Monday, July 23, 2007

Fucko

There is good road between Battambang and Phnom Phen. Two lanes of straight clean highway. I sat by the window of the bus and watched mile after mile of rice fields roll by. Here and there I saw coconut trees or farmers in conical straw hats stooped in the fields. We stopped at a dusty gas station and instead of giving the beggar children money I bought them each a sweet rice cake wrapped in a banana leaf.
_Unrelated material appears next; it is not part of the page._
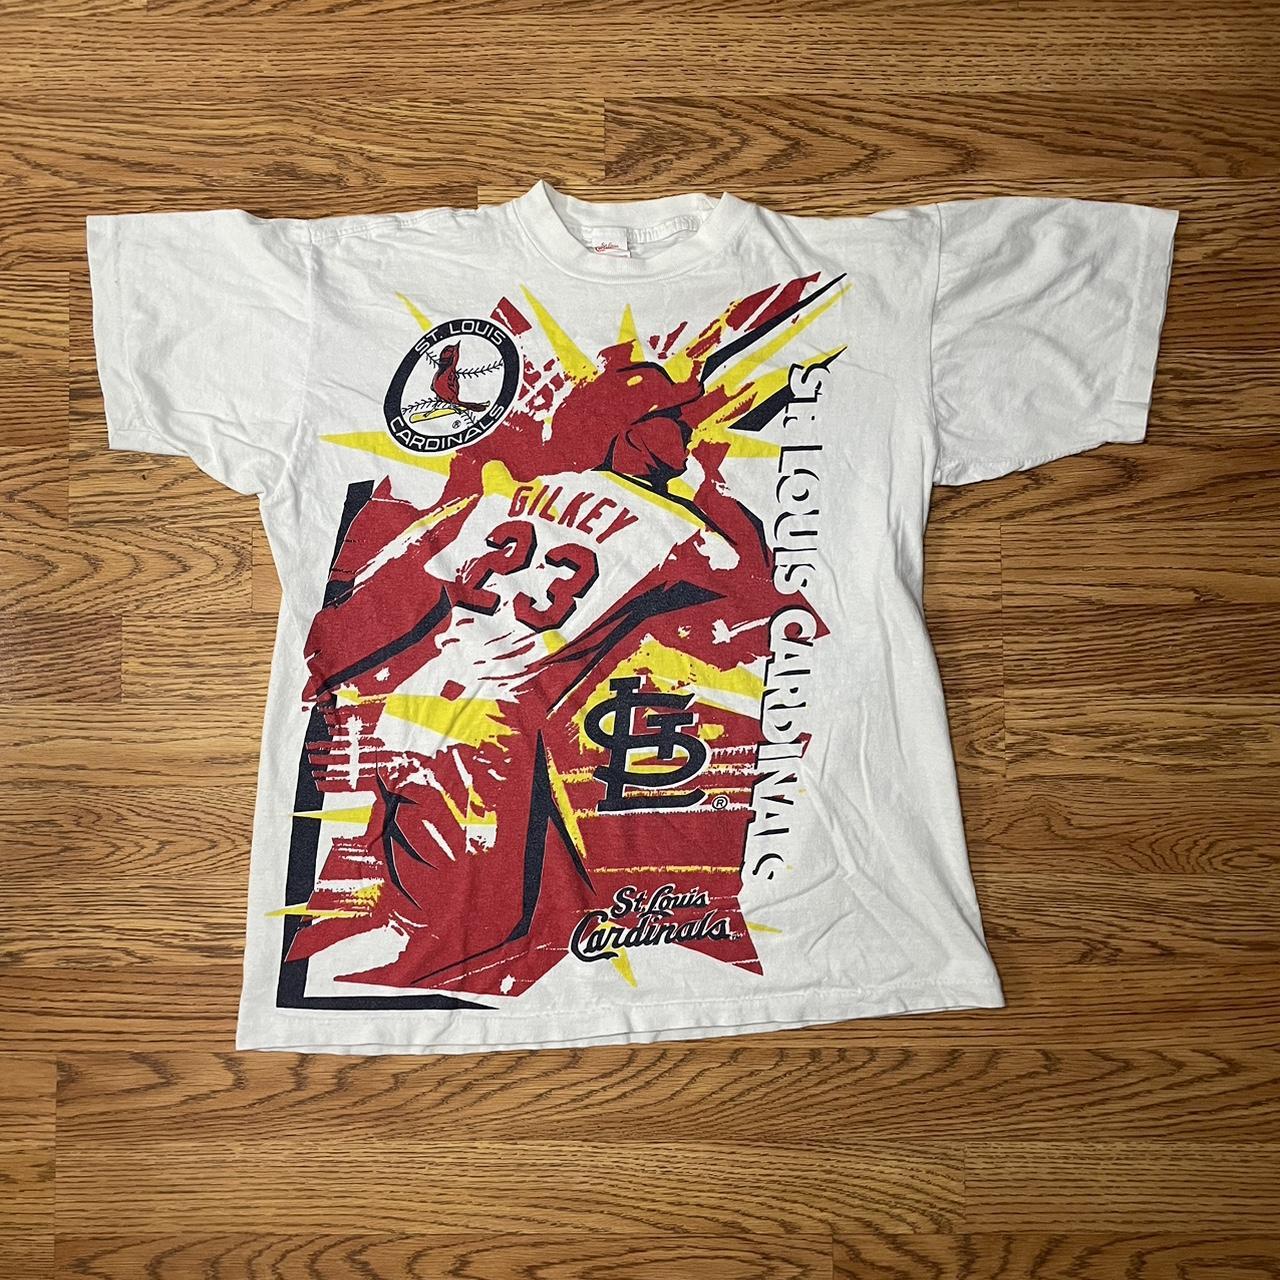 Vintage St. Louis cardinals graphic t shirt size xl - Depop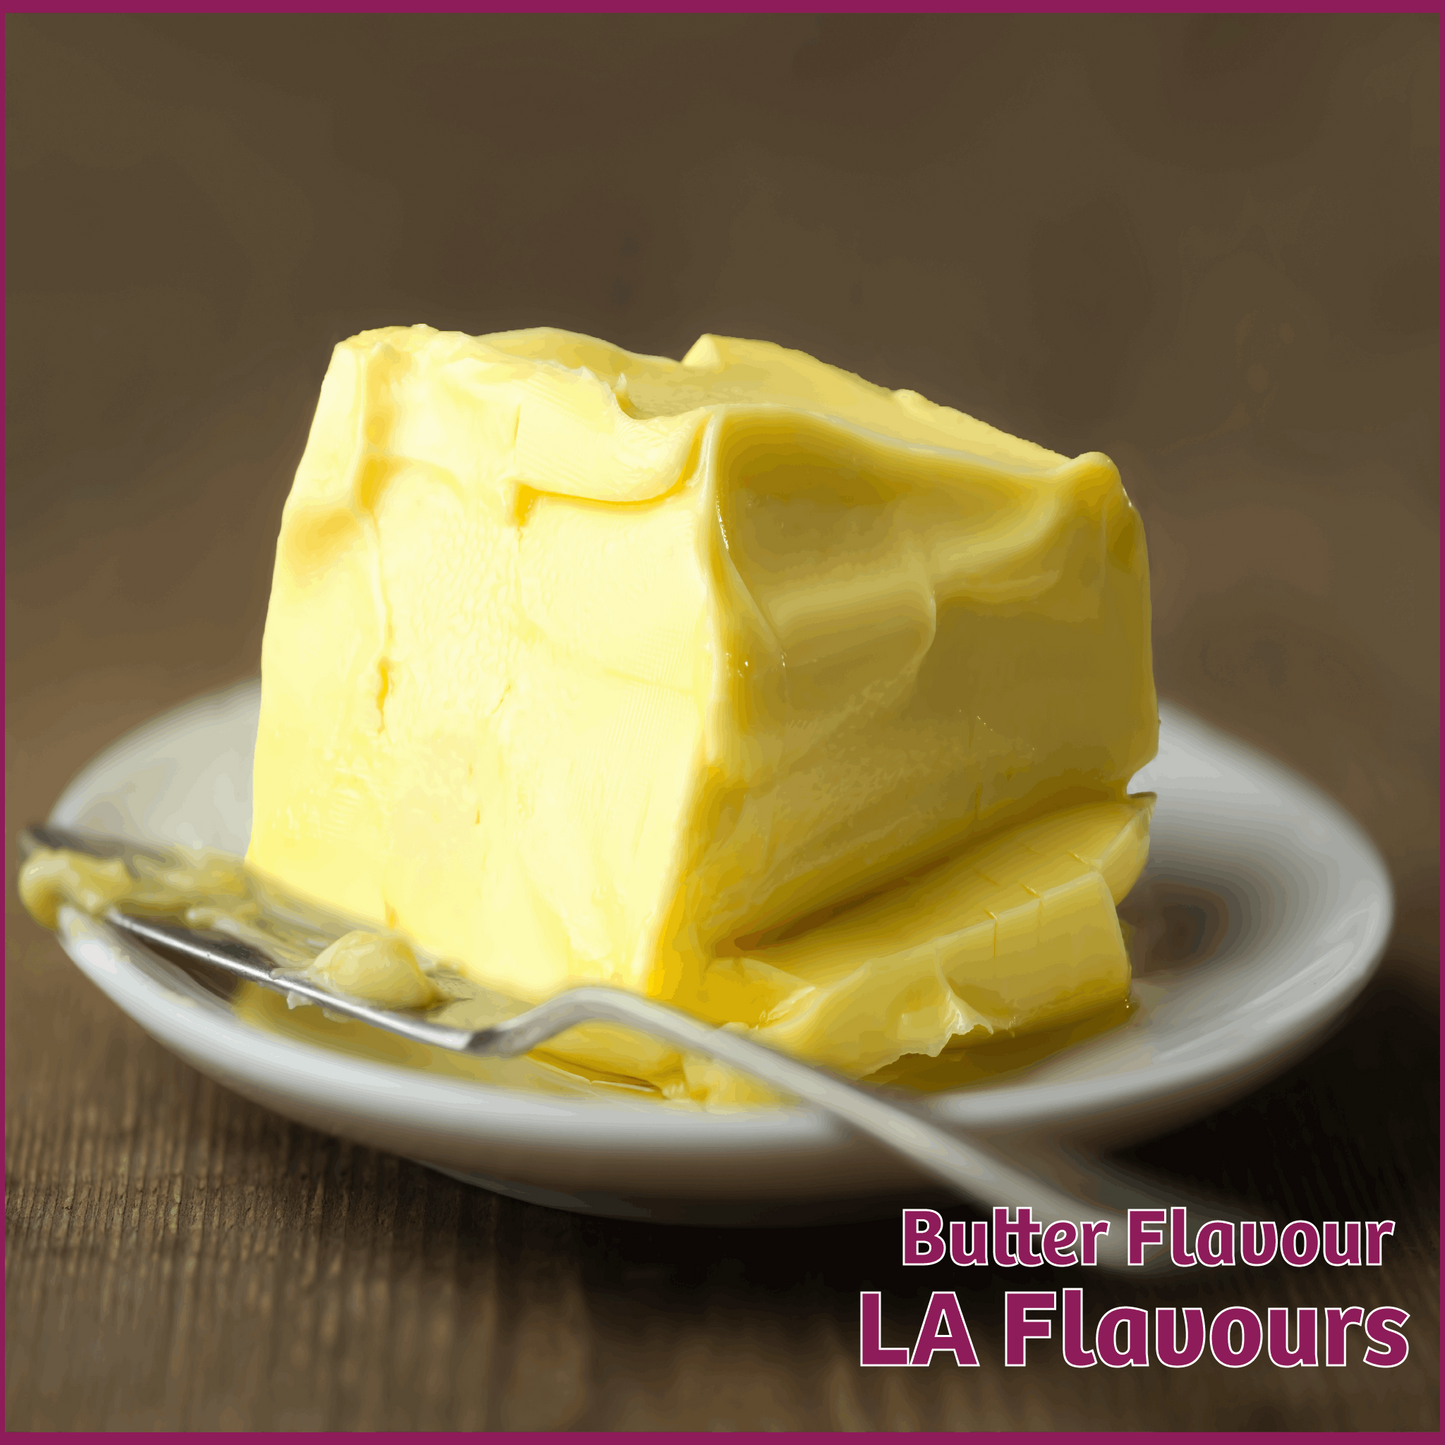 Butter Flavour - LA Flavours - Flavour Fog - Canada's flavour depot.

When we got to Phnom Phen I wanted to keep on going. It is a dirty city that makes Bangkok seem charming by comparison. One of the moto drivers wanted to charge me 8 dollars to get a hotel. A guy on the bus from Cincinnati had recommended it to me. He had warned me it should cost about 3000 riel or seventy five cents but all the arguing in the world only got this local hustler down to 2 dollars. Every time I tried to get away from him he gave the other driver a menacing look and they backed away.

The Paragon Hotel is located on the riverfront. All night long motorbikes cruised by my window. Still I was thrilled to get a decent cappuccino and I decided to give the city one day.

I hired a tuk tuk driver for the day. Our first stop was the nearby Royal Palace, still very much in use. I am no expert but it seemed to me that portions of the Bhagavad-gita are depicted on the inside walls of the palace. I think about the killing fields and am reminded of a story from The Gita. In it Arjuna is faced with the dilemma of having to kill his own family. He does so to prove that he is an authentic leader, willing to do whatever is necessary to "serve the people" This is exactly what the Khmer Rouge required of its soldiers.

I sat cross legged on the Burgundy carpet int the Royal temple and meditated for awhile. A couple of students and their professor sat next to me and engaged me in conversation. He was an interesting guy and it turns out he is serving on the tribunal that is trying to bring the few remaining leaders of the Khmer Rouge to justice. We have an interesting talk on the cultural underpinnings of the Killing Fields era. I ask him if religion was used to justify any of Pol Pots actions. He mentions a book to me "Year Zero" that he says addresses this topic.

My next stop is S-21, the compound where much of the killing for the KR was conducted. Once again the setting is a bucolic area just outside the city limits, not unlike Berlin's Buchenwald. The monument is similar to the one in Battambang.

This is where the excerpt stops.